As the young Orms began doing silverwork in his garage, he soon realized that there was an enduring, timeless, multi-generational component to sterling silver buckles that leather belts did not possess. Over the next 20 years, Orms worked as an engraver in California, Nevada, and Australia, where he was introduced to a wider spectrum of design and marketing. In 1992 he began his business in Dallas, later moving to Houston, and finally to Ingram in 2003.

Behind the showroom, visitors can get a look at the silversmithing process with guided tours of the workshop. Country music blends with the sounds of hammers, screw presses, silver cutters, welding machines, and engraving tools as the silversmiths and engravers work each piece of metal. Next to Orms’ desk, a large storage cabinet with thin drawers holds sheets of silver and gold, as well as parts and precious gemstones, like rubies and sapphires. The workshop employs 14 people, ranging in age from 23 to 85.

At the silversmiths’ workstations, wooden carousels filled with tools sit alongside instruments like jewelers’ saws, which are studded with microscopic teeth. With focus and finesse, the craftsmen use these small saws to filigree the silver and bring a depth to the buckle that helps distinguish Clint Orms’ style.

Orms says roughly half of his sales are stock merchandise, including belt buckles and other items like hatpins, money clips, cuff links, and bracelets. These items range in price from about $110 to $3,000. The other half of the business is custom, which starts at $200 and can exceed $20,000, depending on labor, materials, and any precious jewels used.

Designing a custom buckle is a journey of creativity and personal expression for both Orms and his customers. The process starts with Orms’ hand-drawn design, incorporating his expertise and the customer’s personal interests. Orms then customizes the bespoke buckles with individual touches like initials, alma maters, birthstones, and livestock brands.

After the design, layout, and cutting, the silversmiths solder the various pieces of the buckle together. If the design work includes filigree, this is performed prior to polishing and engraving, patina, and yet more polishing.

Orms distinguishes his work with small details, often using natural symbolism in his designs. For example, the scrollwork in his buckles is a subtle replication of the natural spiral patterns found in shells and throughout nature, and his buckle tongues are miniature saddle horns.

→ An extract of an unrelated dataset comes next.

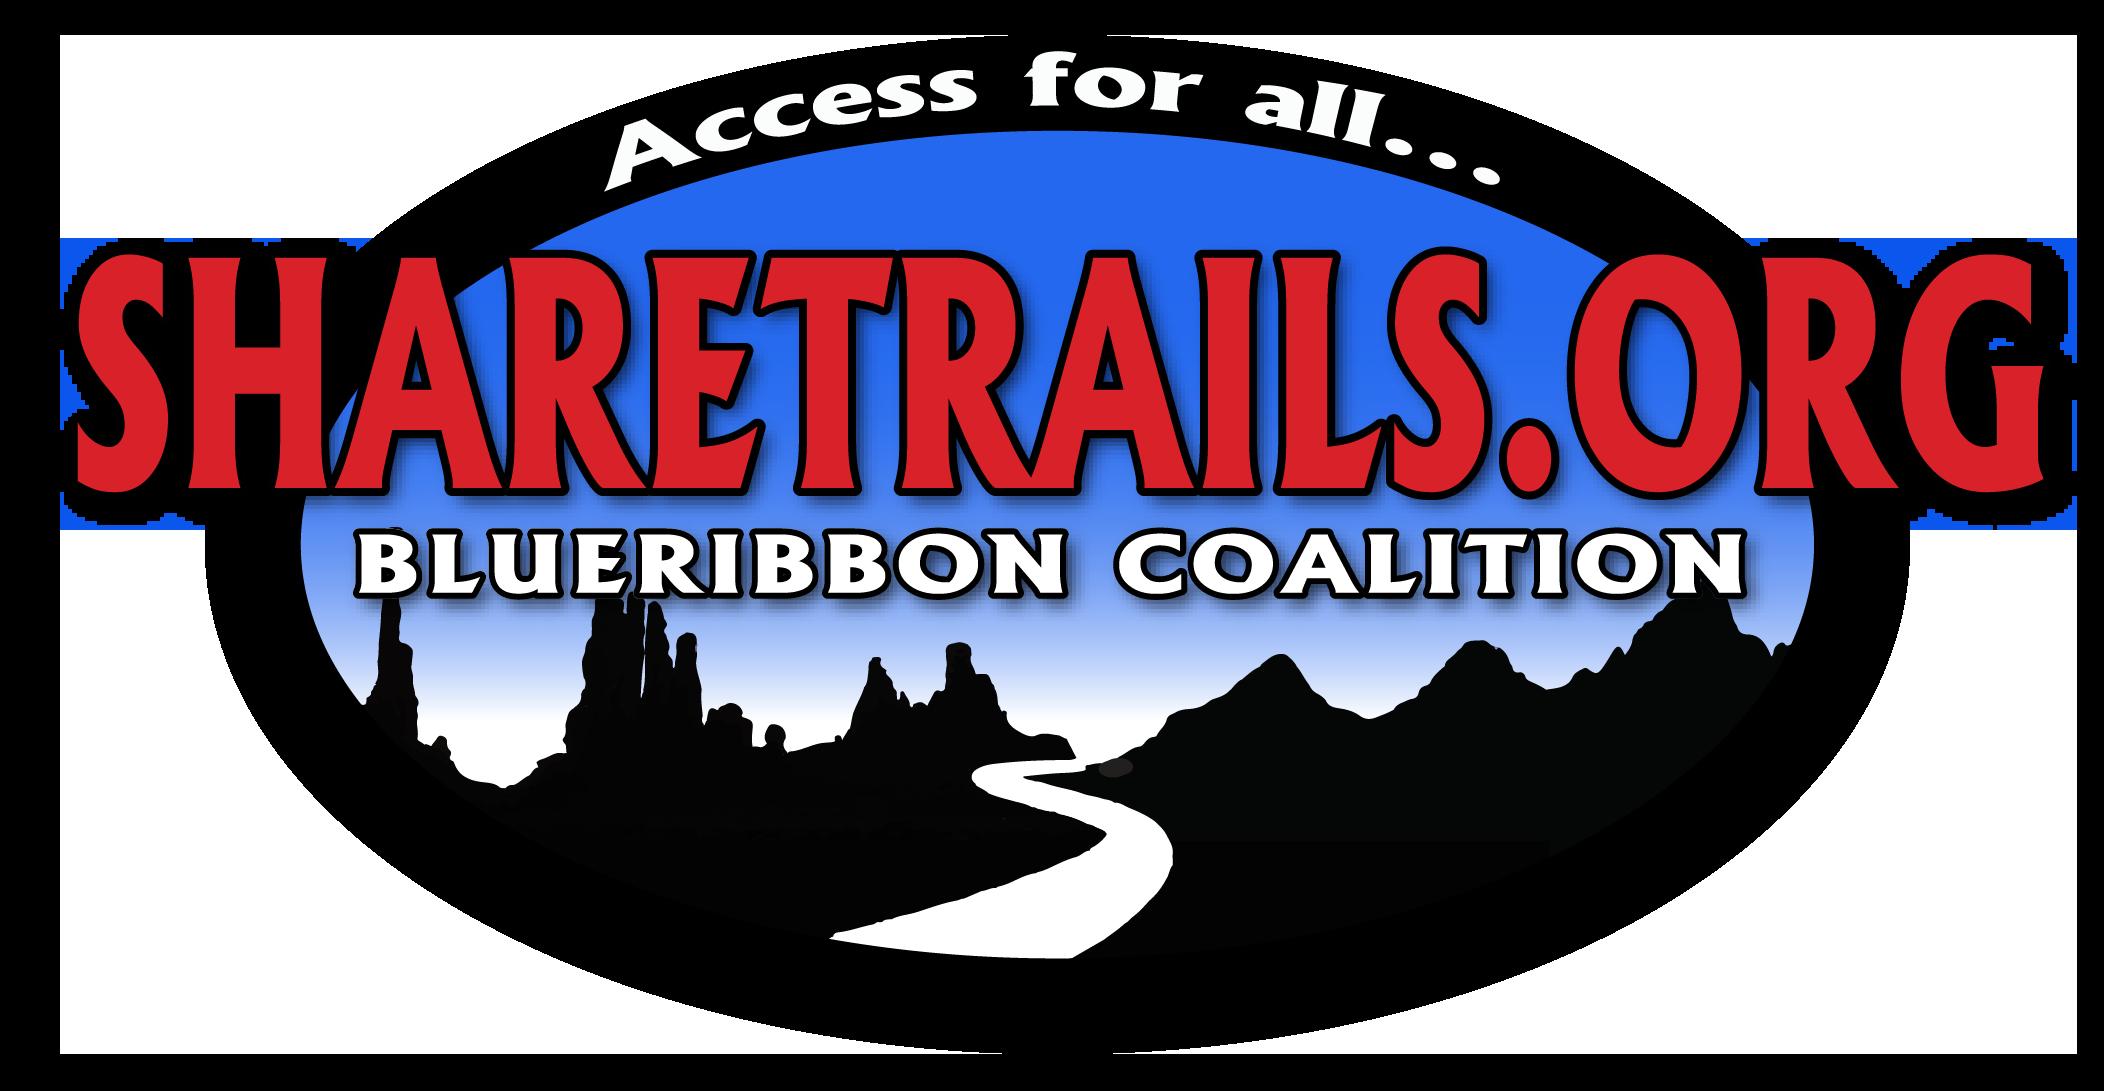 BlueRibbon Coalition/ShareTrails
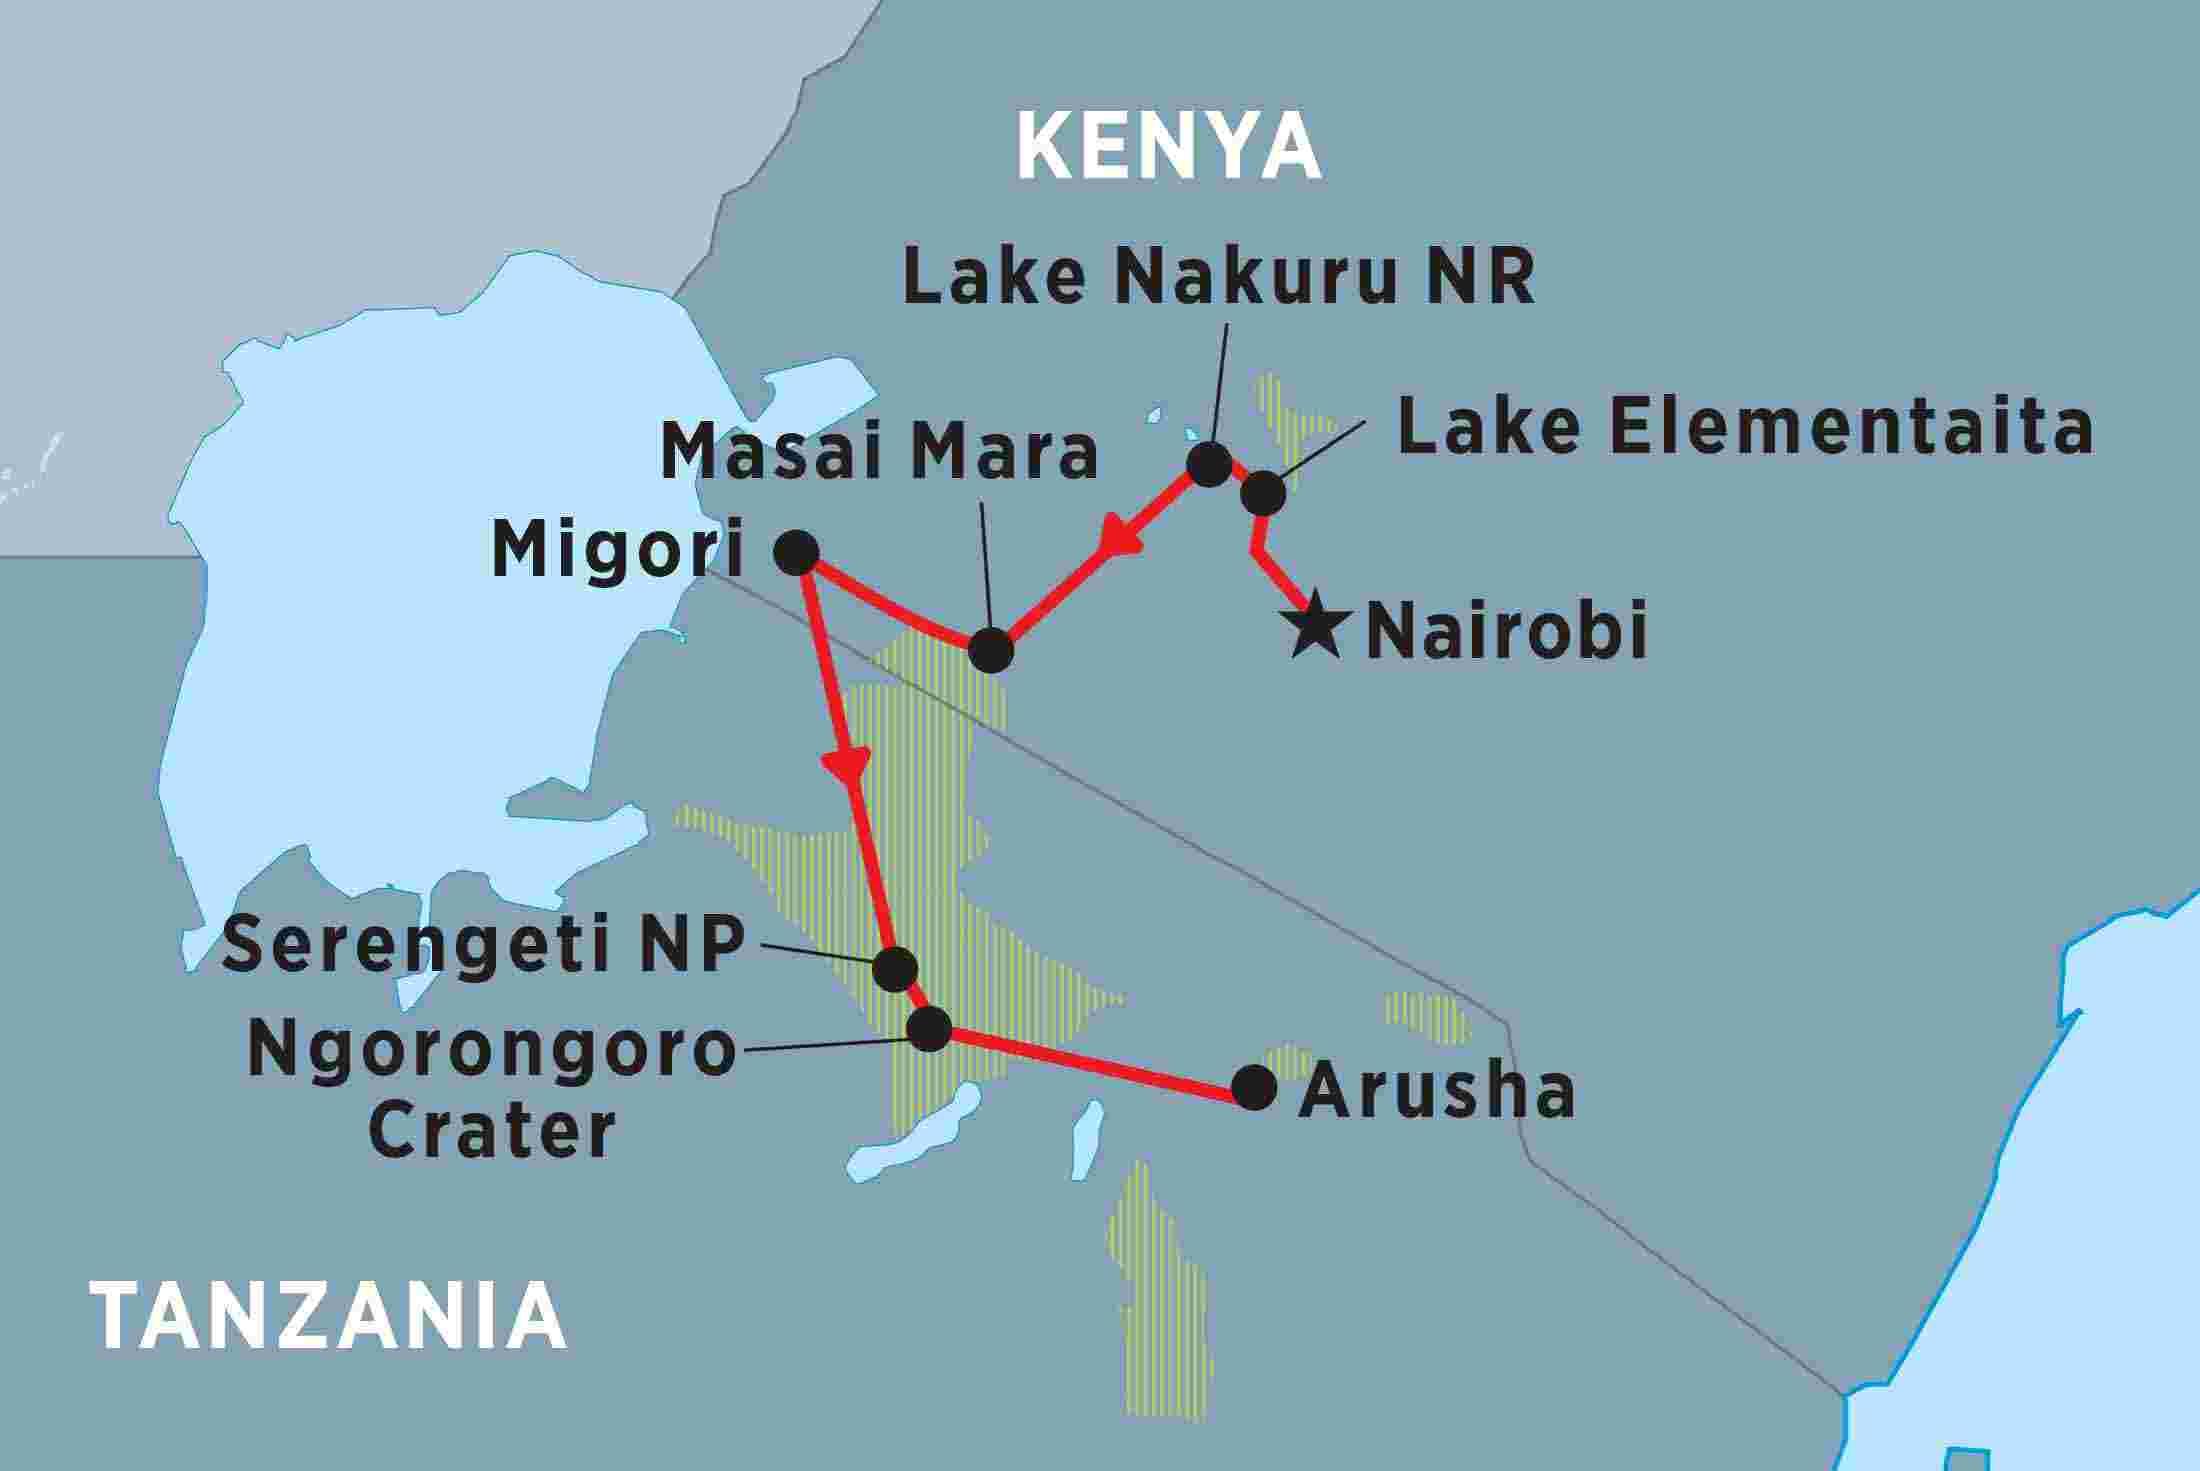 Africa's Top Wildlife Countries: Botswana, Kenya, Namibia, Rwanda, South Africa, Tanzania, Uganda, Z

Another distinction are the designs that Orms puts on the backs of his buckles, each different and echoing motifs from the front. He says one of his greatest satisfactions is watching customers turn his buckles over. “It’s like they’ve discovered something,” he says.

Orms’ buckles balance Western heritage with a formal aesthetic, and he cleverly carves a Texas mentality into each of them by naming different styles after Texas counties, such as Bexar or Pecos. (Orms wears the Duval, a three-quarter-inch, guitar-shaped buckle featuring the Bar C brand of a friend’s ranch in West Texas.) “I love what our buckles do to enhance the image of Texas,” he says.

Although each finished product is slightly different because of the nature of the materials and the hands that work them, all represent Orms’ commitment to endurance and grace—and his dedication to making buckles that will carry on for generations to come.